When Santana heard of the possibility of hundreds of migrants being moved, she said she wasn’t worried. Plans are in place if migrants are sent in large numbers to New York and New Jersey, which have high immigrant populations. A majority of the country’s unauthorized immigrant population live in six states – California, Texas, Florida, New York, New Jersey and Illinois — according to 2016 estimates from the Pew Research Center.

“We have not heard of anyone coming this way…. but if we have a massive number of people who come, we do have some organizations and congregations that are willing to help and take them in,” Santana said.

She said the numbers of asylum seekers who have been transported to New Jersey and New York after crossing the border has been slowly growing.

News: Southern border crossings by asylum-seeking migrants kept rising in April, set new record

Opinion: I toured an immigration detention center. The prison-like atmosphere was mind-numbing.

Ragbir, of the Sanctuary Coalition, said he has mobilized volunteers and notified houses of worship that are willing to help that migrants could arrive at any time, with very little notice.
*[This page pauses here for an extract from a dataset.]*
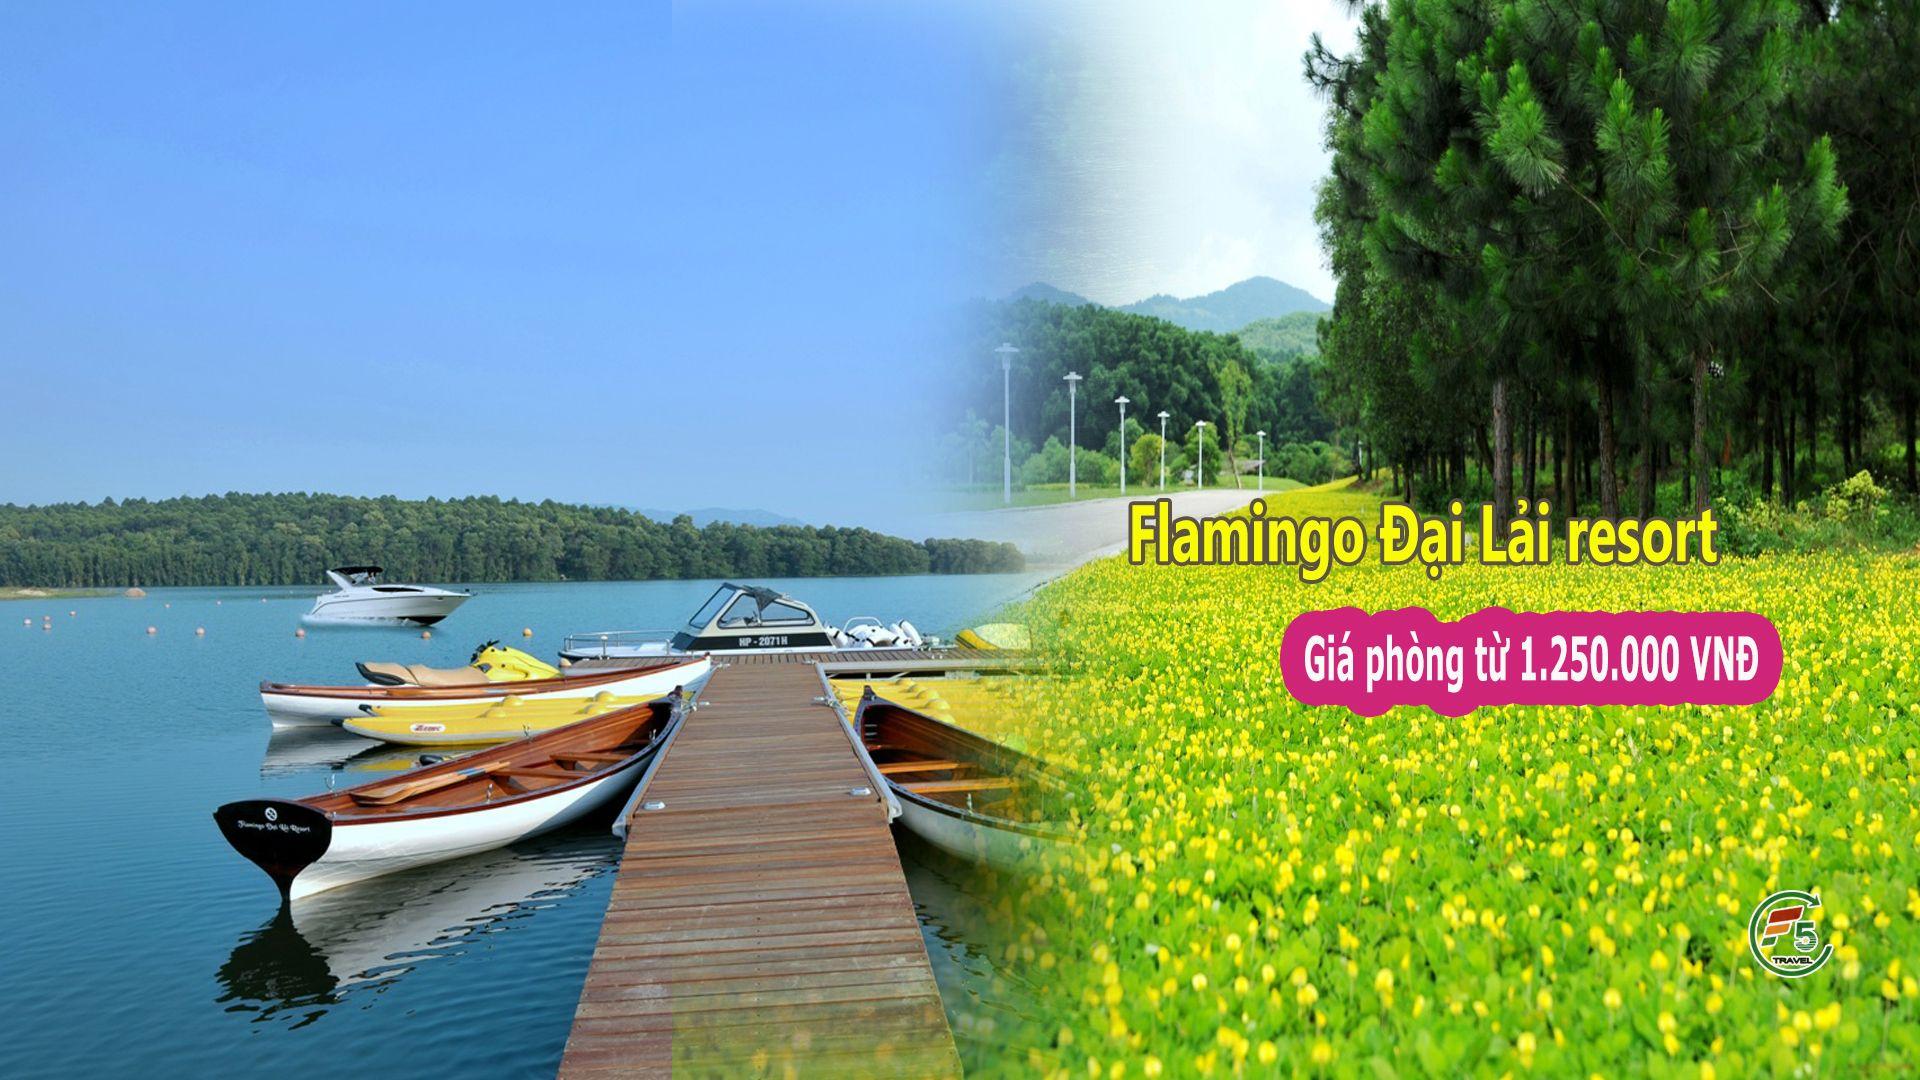 Vietnam Hanoi Flamingo 1920x1080 - TRANG CHỦ

He said they also are looking at how migrants who arrive in New York could receive medical assistance if necessary. 

“People have to be open to stepping up and opening up their homes and businesses to help in this moment of crisis,” he said.

Theodore Fetter, head of the Immigration Task Force of Unitarian Universalist Faith Action NJ, the public advocacy arm of the church, which has 21 congregations in the state, said they are willing to help new arrivals. He said they would support them by collecting food, helping them communicate with their families, and meeting whatever needs might arise, including housing. 

“There is no question that if the administration was planning to send immigrants to New Jersey, that many Unitarian Universalists will try their very best to help those people who are temporarily or permanently sent to New Jersey,” he said.